Could you transcribe exactly the lines below, from the line with "New Original Xiaomi" through the line with "IACP 2021 Leadership Awards Event Banner", and nothing else, leaving out the pictures?

* [DATASET]:
::::::

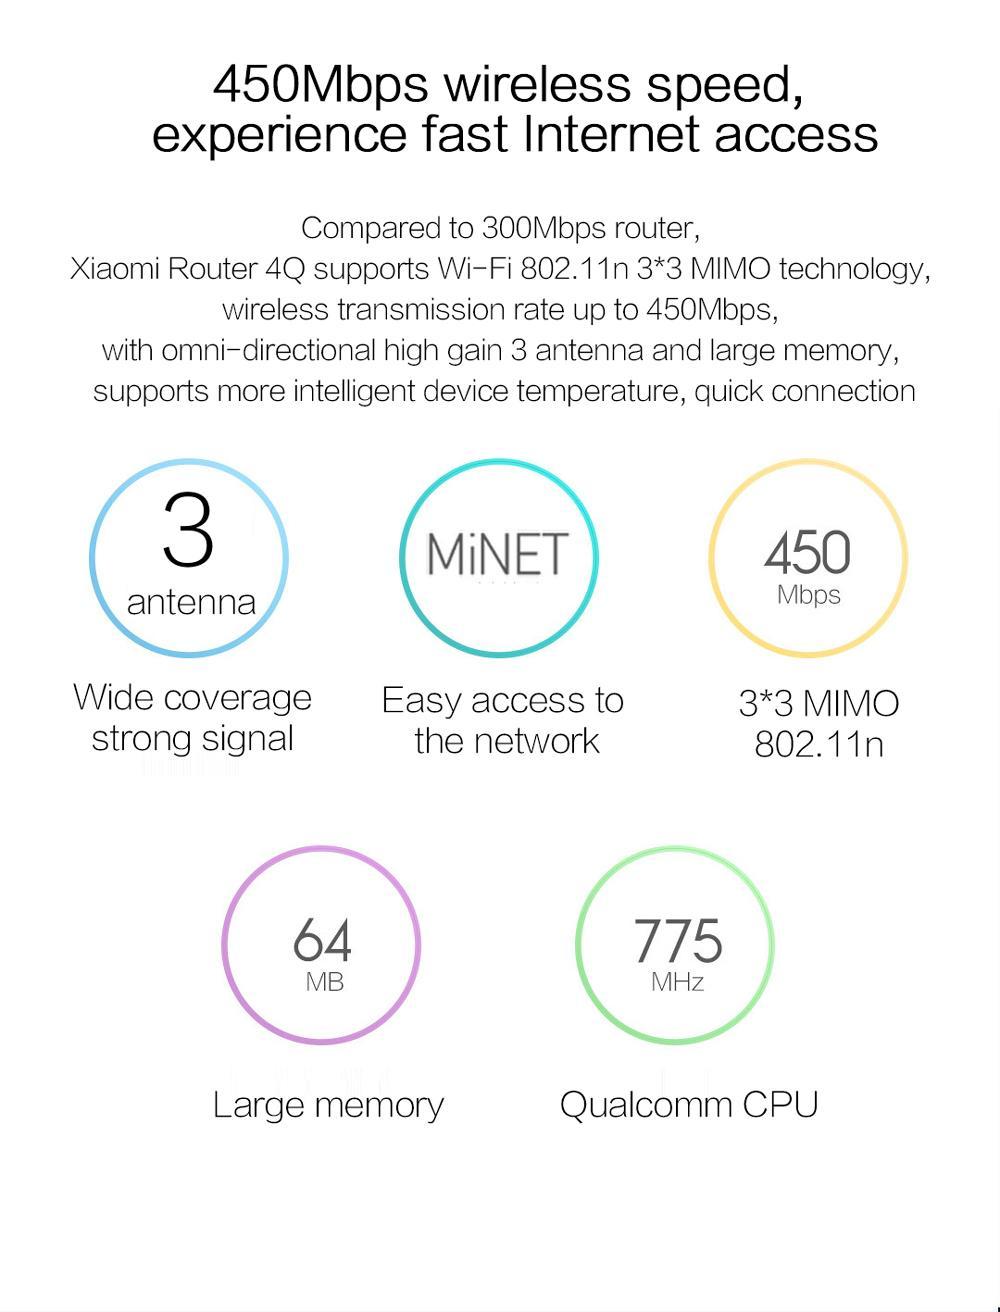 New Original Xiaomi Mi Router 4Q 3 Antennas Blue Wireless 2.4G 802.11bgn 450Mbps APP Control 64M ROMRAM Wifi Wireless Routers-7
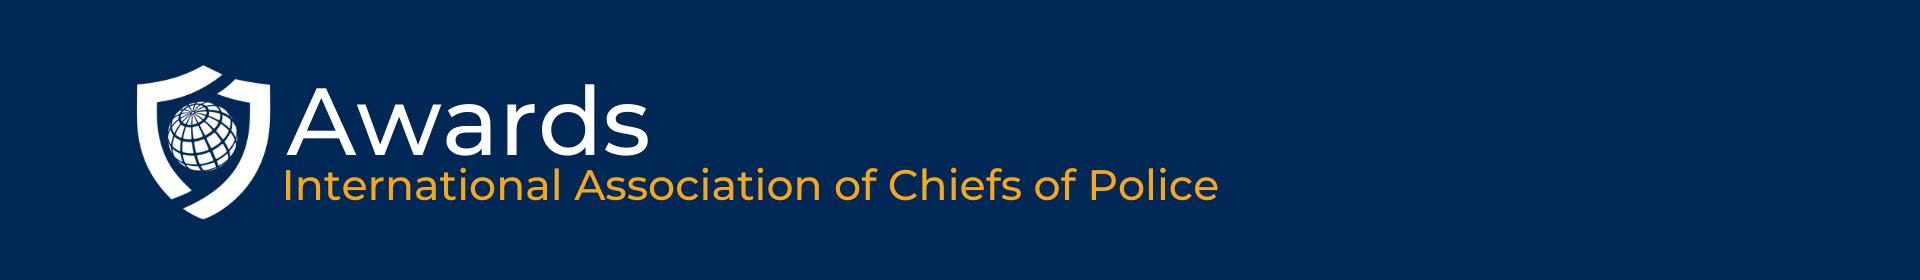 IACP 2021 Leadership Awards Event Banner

::::::

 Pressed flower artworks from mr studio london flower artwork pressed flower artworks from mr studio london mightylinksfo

::::::

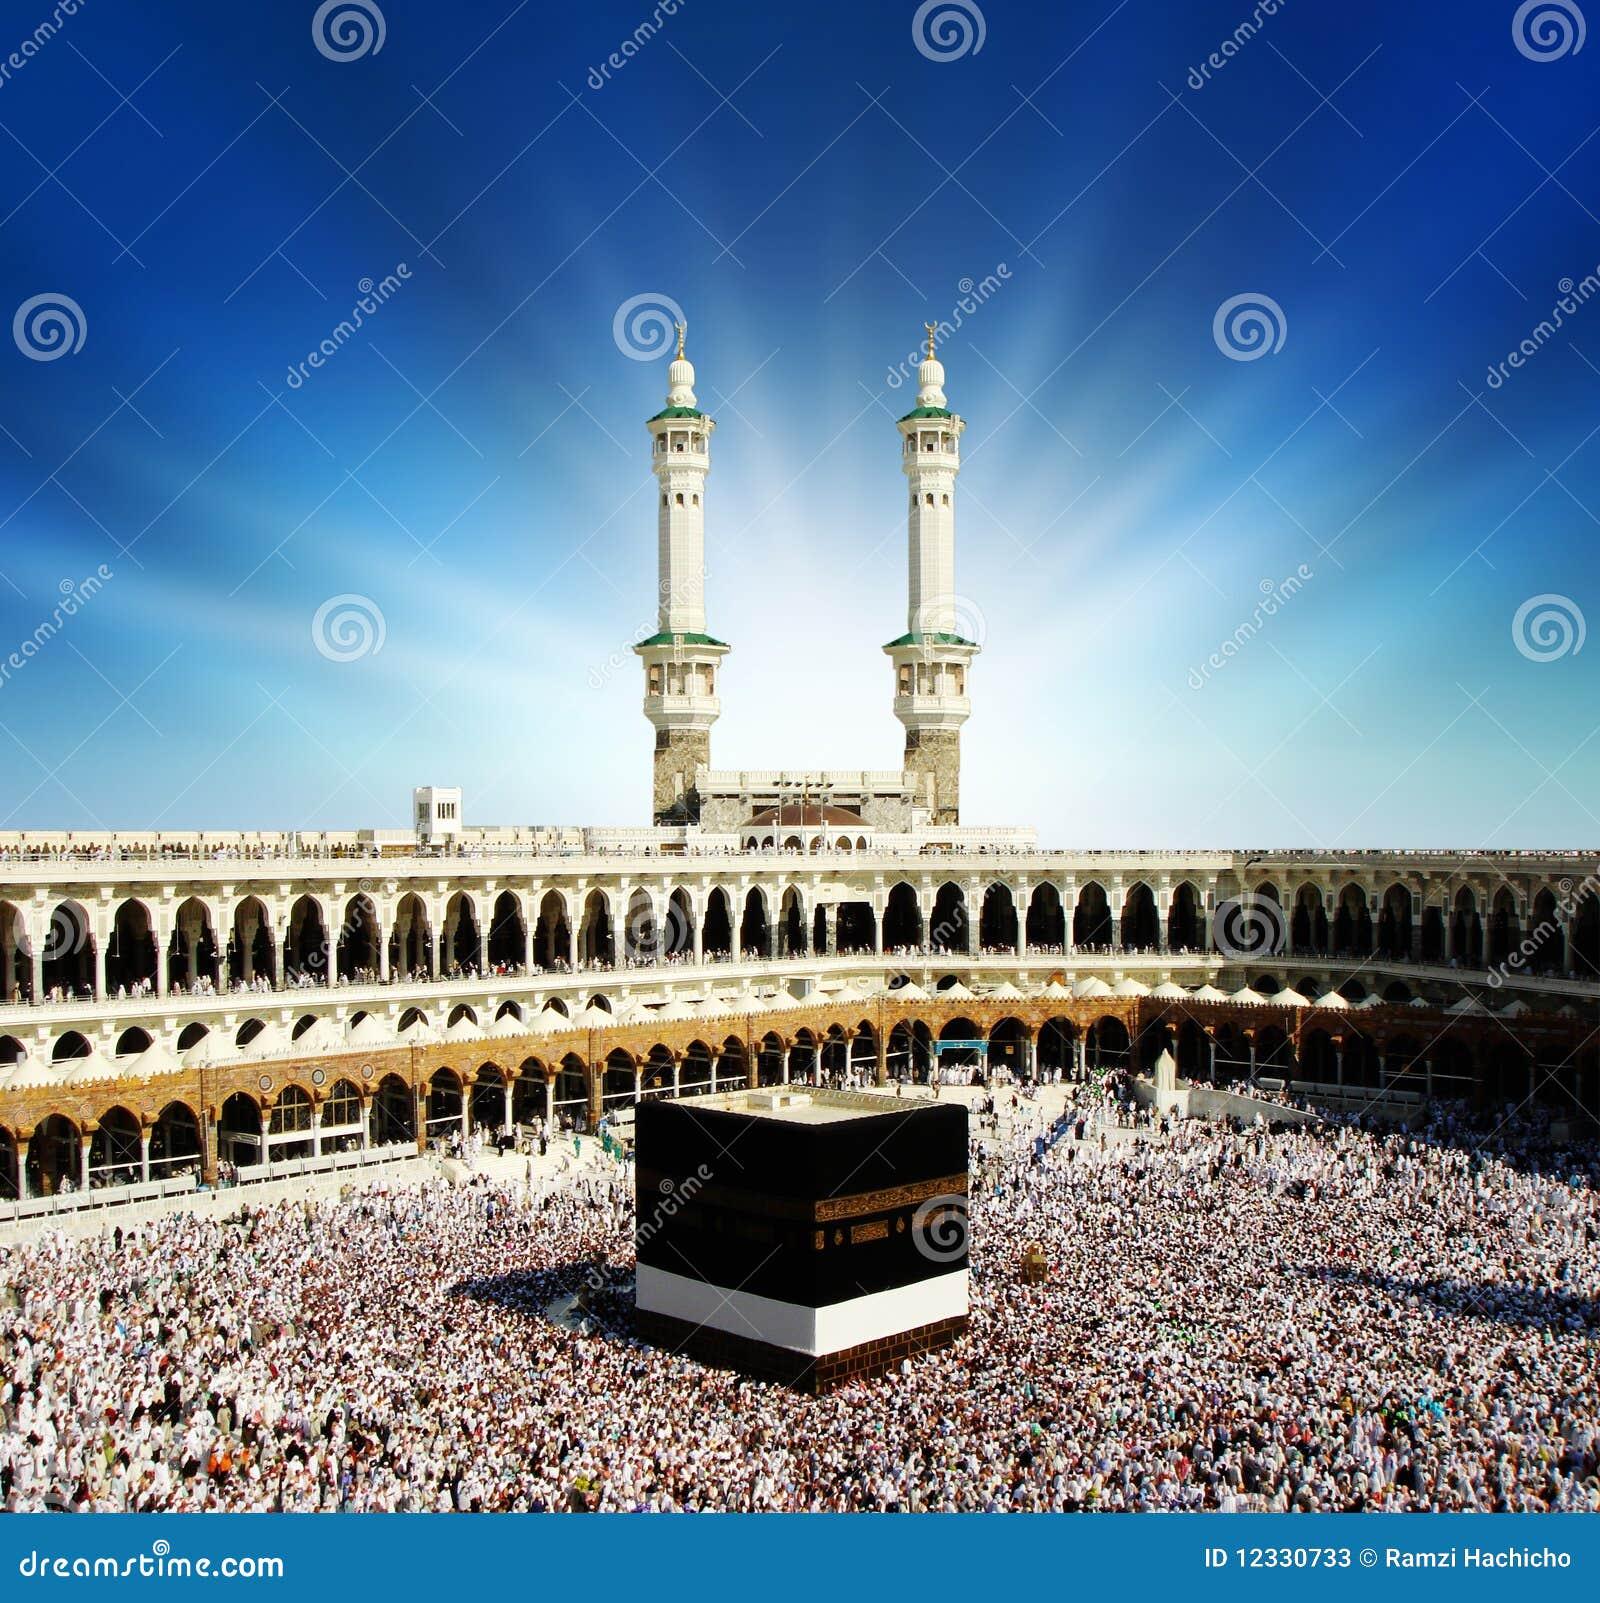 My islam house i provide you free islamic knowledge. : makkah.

::::::

* [RESULT FOR THIS TASK]:
 New Original Xiaomi Mi Router 4Q 3 Antennas Blue Wireless 2.4G 802.11bgn 450Mbps APP Control 64M ROMRAM Wifi Wireless Routers-7
 IACP 2021 Leadership Awards Event Banner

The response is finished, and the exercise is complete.